Let us first try to understand the data we are given. We will use the Pickup instance from the CMU MOCAP dataset, which depicts a person picking something up from the floor.

import matplotlib.pyplot as plt
import matplotlib.animation as animation
import numpy as np
import scipy as sp


plt.close('all')
np.random.seed(0)
data = np.load('../testdata/mocap.npz', allow_pickle=True)
X_gt = data['X_gt']
markers = data['markers'].item()

First we view the first 3D poses. In order to easily visualize the person, we draw a skeleton between the markers corresponding to certain body parts. Note that these are not used in any other way.

def plot_first_3d_pose(ax, X, color='b', marker='o', linecolor='k'):
    ax.scatter(X[0, :], X[1, :], X[2, :], color, marker=marker)
    for j, ind in enumerate(markers.values()):
        ax.plot(X[0, ind], X[1, ind], X[2, ind], '-', color=linecolor)
    ax.set_box_aspect(np.ptp(X[:3, :], axis=1))
    ax.view_init(20, 25)


fig = plt.figure()
ax = fig.add_subplot(projection='3d')
plot_first_3d_pose(ax, X_gt)
plt.tight_layout()
nrsfm

Now, we turn the attention to the data the algorithm is given, which is a sequence of 2D images from varying views. The goal is to recreate the 3D points, such as in the example above, from all timestamps.

M = data['M']
F = int(X_gt.shape[0] / 3)


def _update(f: int):
    X = M[2 * f:2 * f + 2, :]
    lines[0].set_data(X[0, :], X[1, :])
    for j, ind in enumerate(markers.values()):
        lines[j + 1].set_data(X[0, ind], X[1, ind])
    return lines


fig, ax = plt.subplots()
lines = ax.plot([], [], 'r.')
for _ in range(len(markers)):
    lines.append(ax.plot([], [], 'k-')[0])
ax.set(xlim=(-2.5, 2.5), ylim=(-3.5, 3.5))
ax.set_aspect('equal')

ani = animation.FuncAnimation(fig, _update, F, interval=25, blit=True)

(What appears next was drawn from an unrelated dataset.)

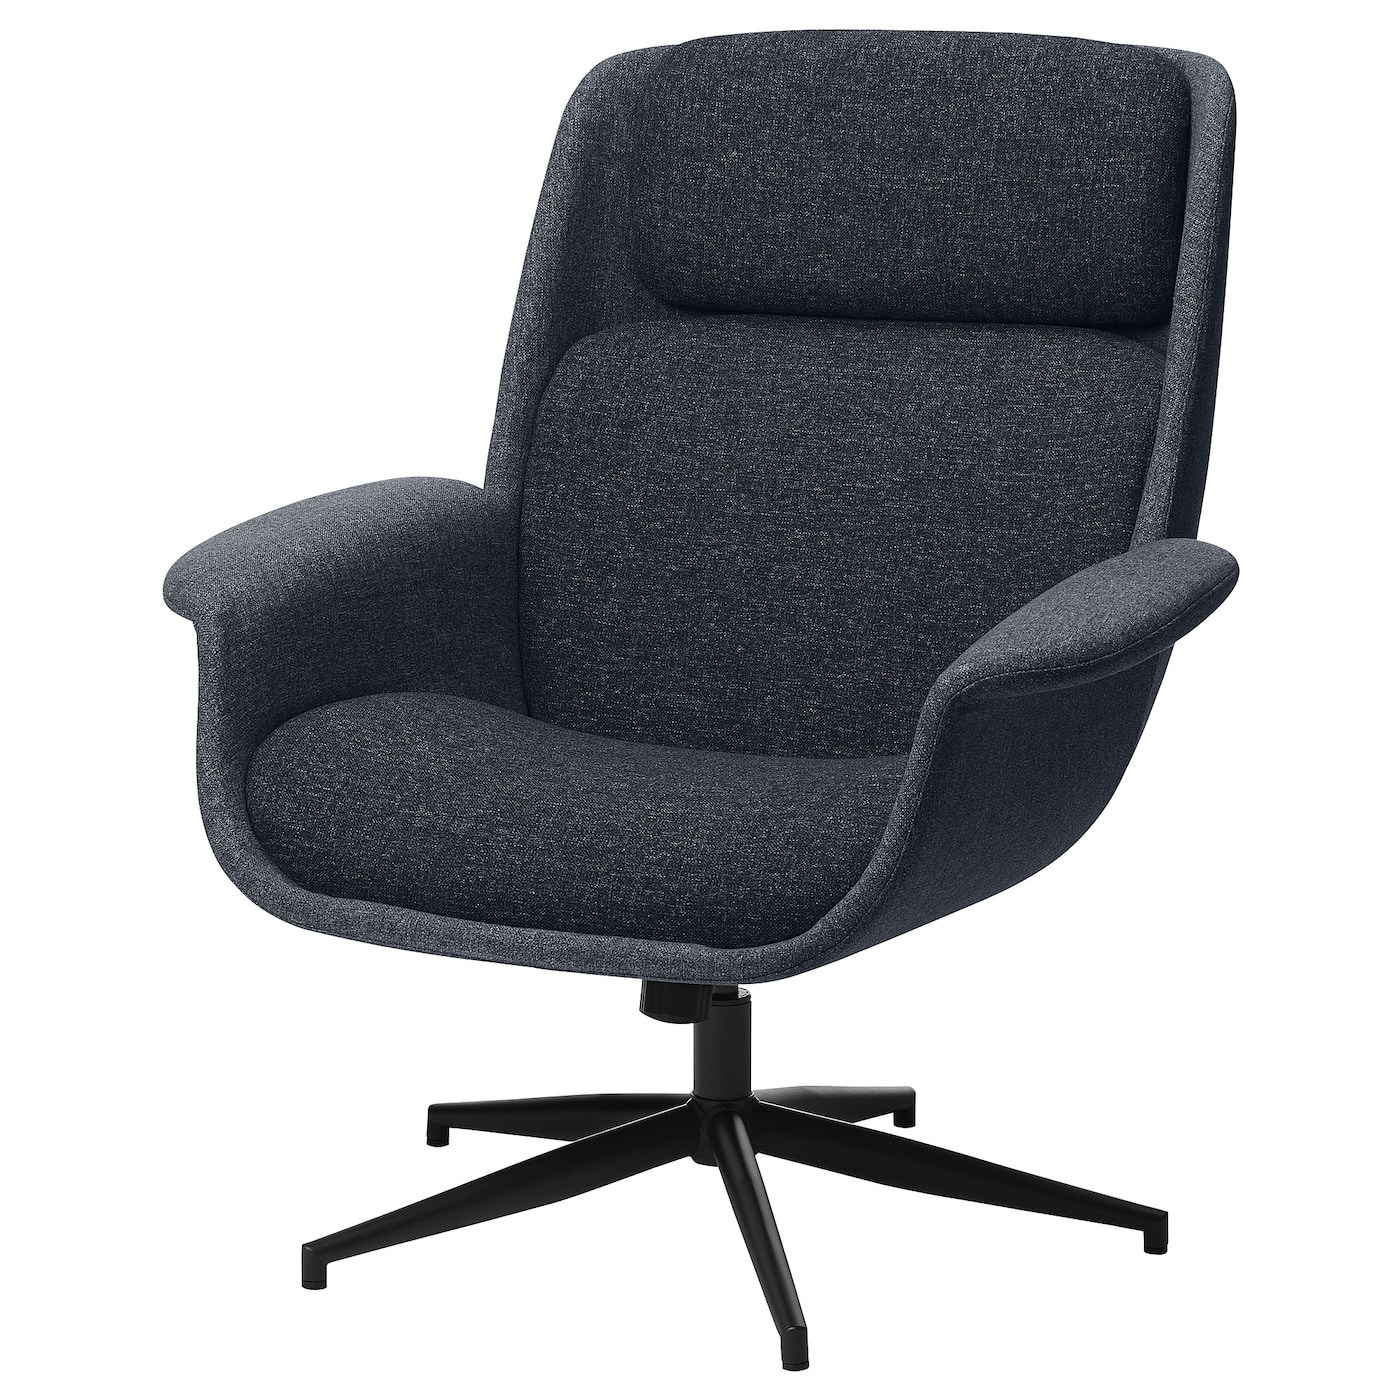 ЭЛЕБИ Вращающееся кресло, Гуннаред средний серый/темно-серый ÄLEBY IKEA кресло офисное вращающееся arlon единый размер серый

Note that these are the 2D image correspondences and that the image view is constantly changing as it is spinning around. Such motion can be modeled with orthographic cameras, which we will discuss next.

Orthographic projections#

Assuming that we know the pose of the camera from which the image was taken the corresponding 2D image point can be obtained. In the case of rotations, we assume the cameras are orthographic, meaning that the image points \(x_i\) are obtained from the relation

\[x_i = R_iX_i\]

where \(R_i\) is a \(2\times 3\) matrix fulfilling \(R_iR_i^T=I\). Essentially, the \(R_i\) matrices consists of the top two rows of the corresponding rotation matrix.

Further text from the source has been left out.